In a written decision the court ruling said: “The Uefa competitions are very popular with television viewers in the UK. This year’s Champions League final attracted several million viewers.”
“Uefa’s evidence establishes that it owns the copyright in television broadcasts of all matches in the Uefa competitions, and in films (particularly replays), artistic works and musical works which are incorporated within those broadcasts.”
“The rights are very valuable. BT currently pays approximately £360 million each season for these rights together with the rights in respect of the Uefa Super Cup.”
Speaking about today’s block, Detective Sergeant Kevin Ives, from the City of London Police’s Intellectual Property Crime Unit (PIPCU), said: “Now that the Premier League and UEFA have both secured high court blocking orders allowing them to shut off illegal streams at source, it has made it more difficult for the public to find illegal streams of premium sport online.
“This is just one of many developments that have made it much more difficult for those who try to watch sport illegally online.
“Consumers are putting themselves at unnecessary risk of fraud by purchasing and using illegal streaming boxes, even more so if the content they try and watch is being effectively blocked.”
The One Show warns of dangers of using Kodi streaming box
TV players such as Kodi have become increasingly popular over the past year with an estimated five million UK homes using it to stream content.
Kodi is not illegal but it can be used to watch premium content for free via add-ons.
A recent survey revealed that around 70 per cent – some 28 million – of Kodi adopters end up streaming content illegally.

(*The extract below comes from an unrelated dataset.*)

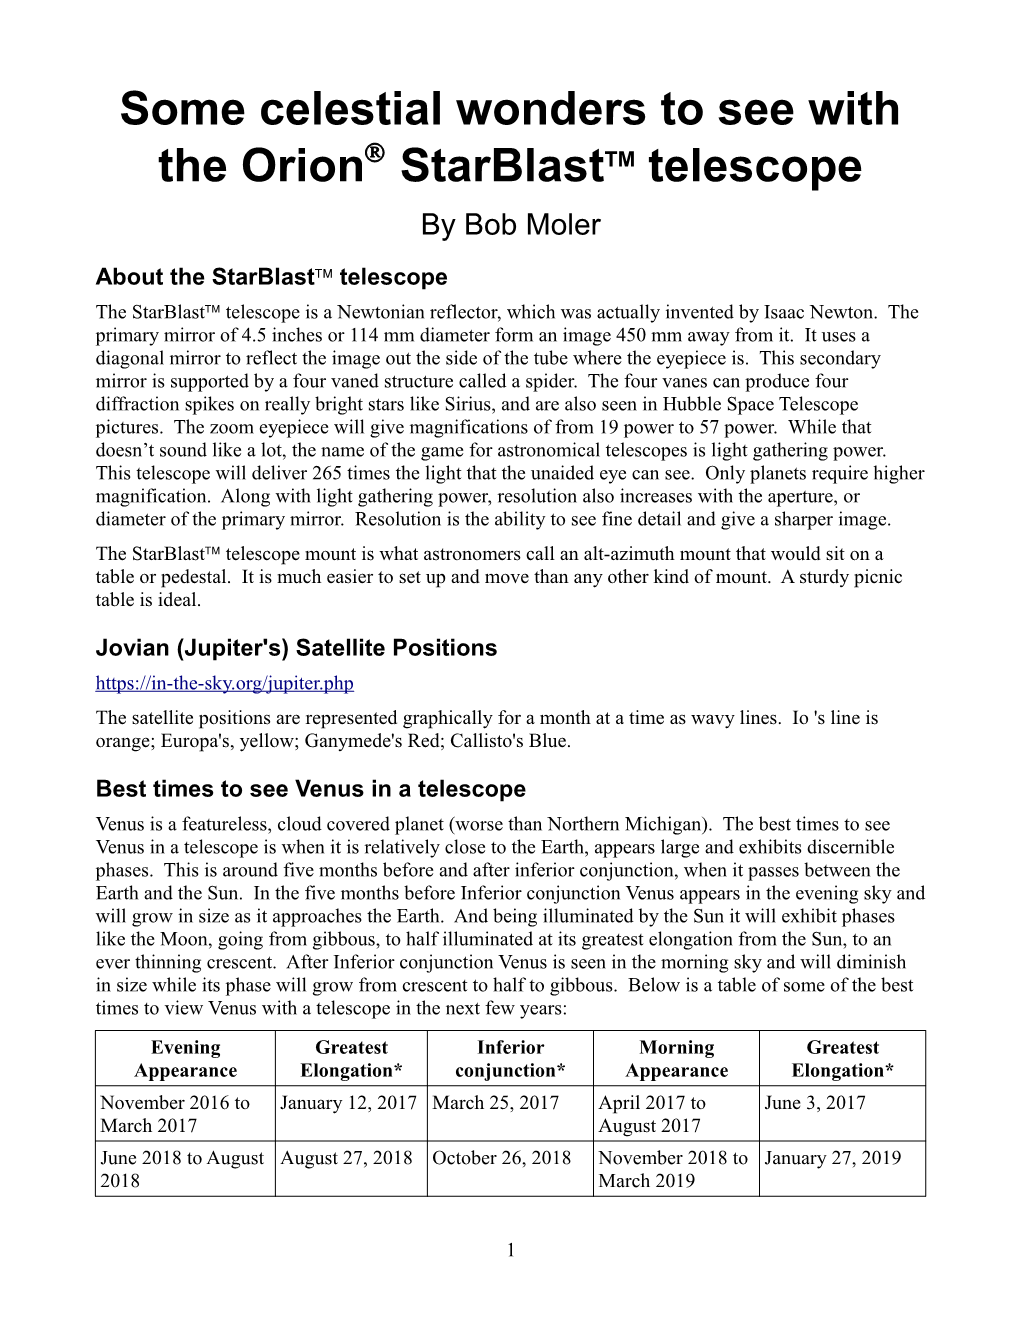 Some Celestial Wonders to See with the Orion Starblasttm Telescope

However, with more blocks coming into force everyday it seems it’s getting harder for users to watch without paying for a subscription.
Recent news from football broadcaster, Sky, are estimating the majority of streams are now being blocked.
Speaking at the Cable and Satellite Broadcasting Association of Asia (CASBAA) Conference 2017 in Macau, Matthew Hibbert, Head of Litigation, Sky said: “In terms of the impact on piracy, server blocking has been huge.
“Live streams of the Premier League can no longer be easily found in the UK.
Explaining more to Express.co.uk, Mr Hibbert confirmed: “We estimate that Internet service providers are now blocking the majority of pirated Premier League streams.”
The UEFA order will take effect from today and last until May 26.